→ **AIM OF THE EXERCISE**:
Down to the last line, set down the listing below exactly, apart from its pictures.

→ **DATA BLOCK**:
___
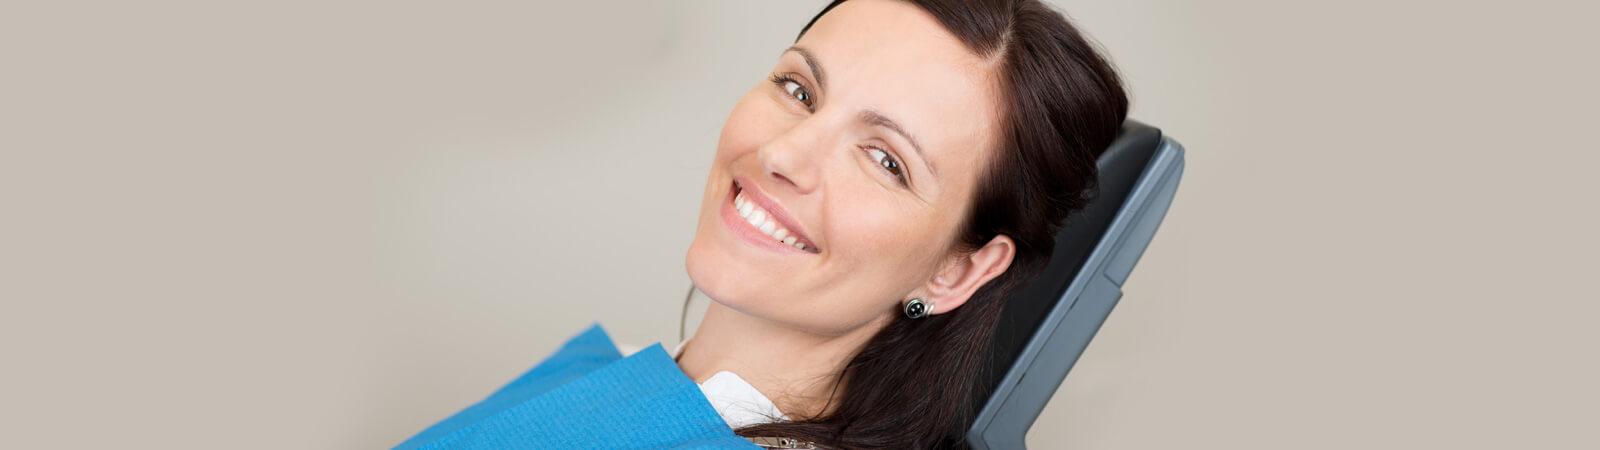 Gum Disease Treatments - Vivid Dental, Houston TX
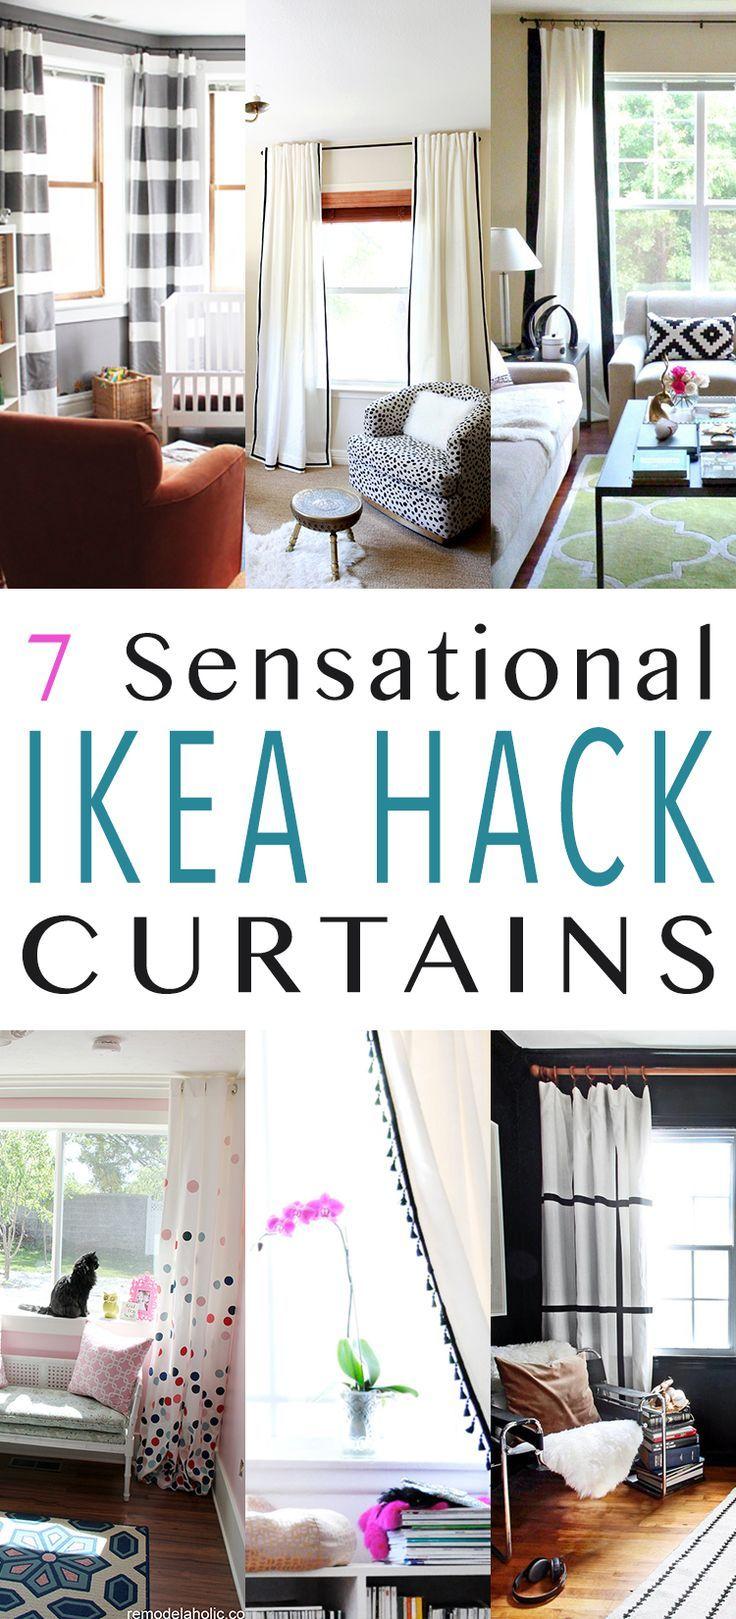 7 Sensational Curtain Ikea Hacks Diy Curtains Ikea Hack
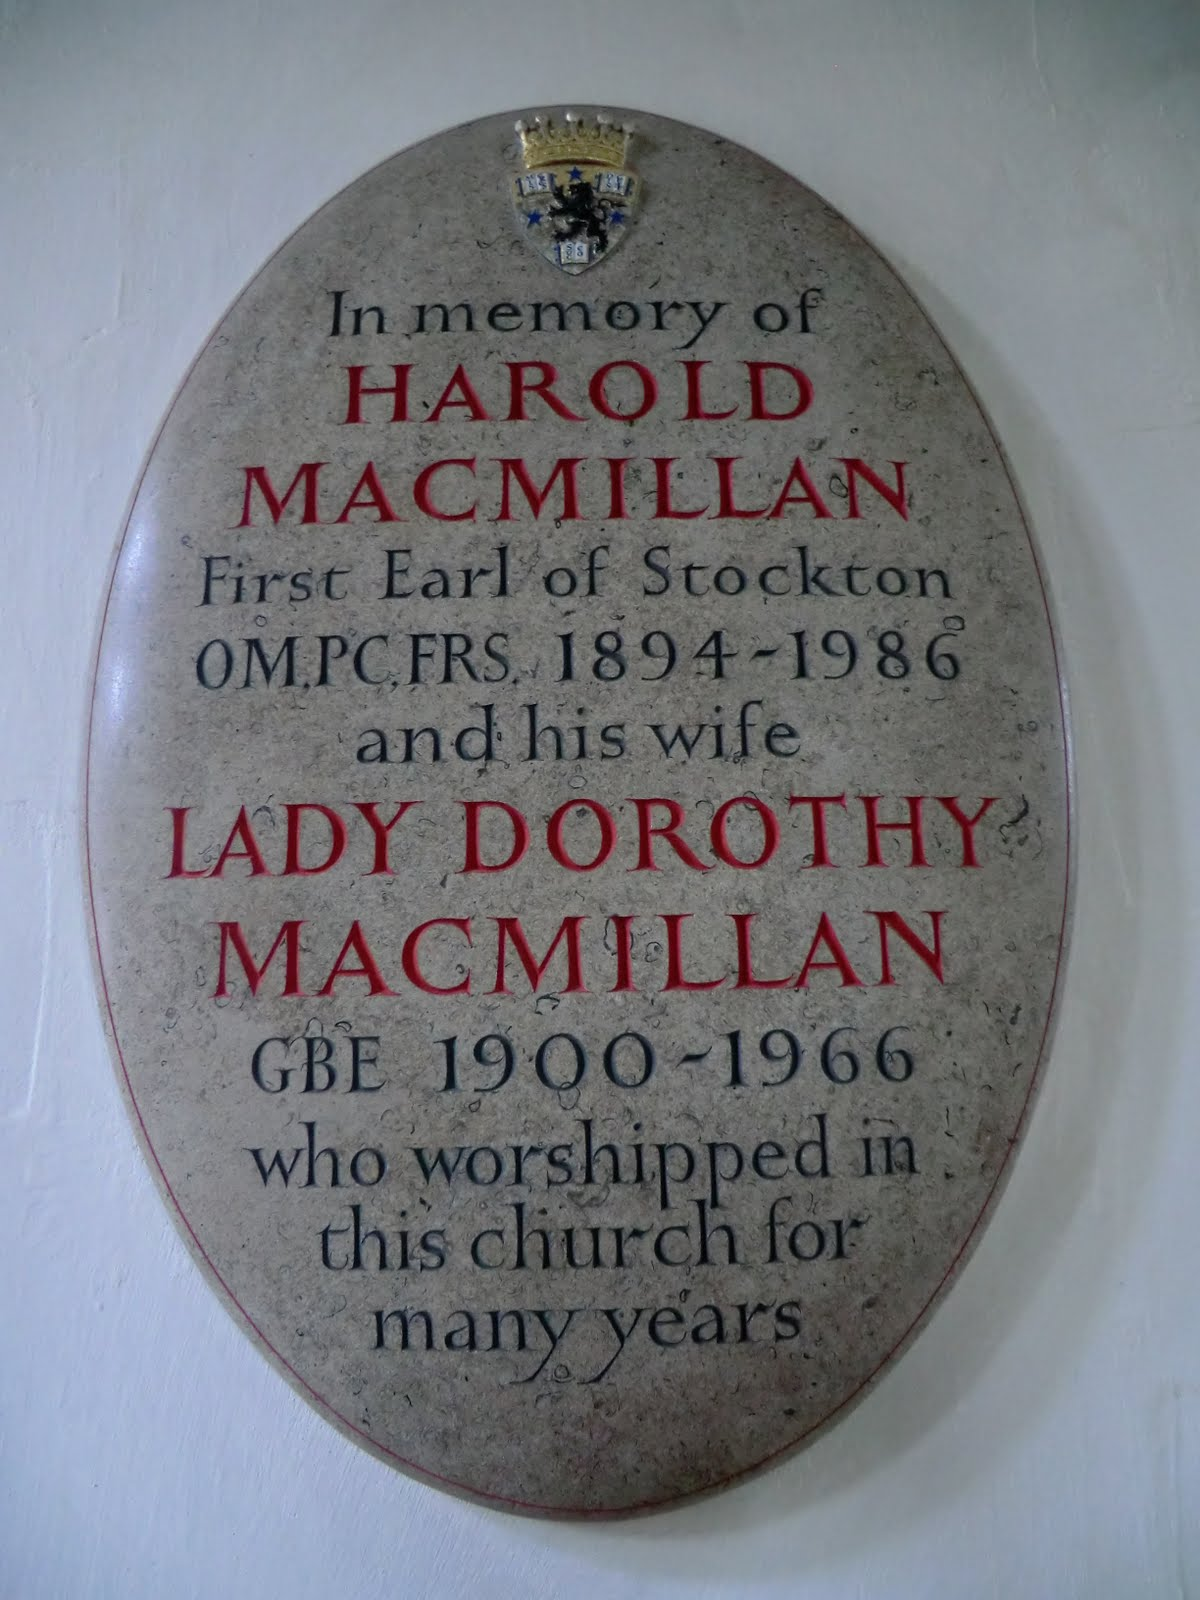 CIMG2962 MacMillan memorial, Horsted Keynes church
___
→ **ANSWER SPACE**:
 Gum Disease Treatments - Vivid Dental, Houston TX
 7 Sensational Curtain Ikea Hacks Diy Curtains Ikea Hack
 CIMG2962 MacMillan memorial, Horsted Keynes church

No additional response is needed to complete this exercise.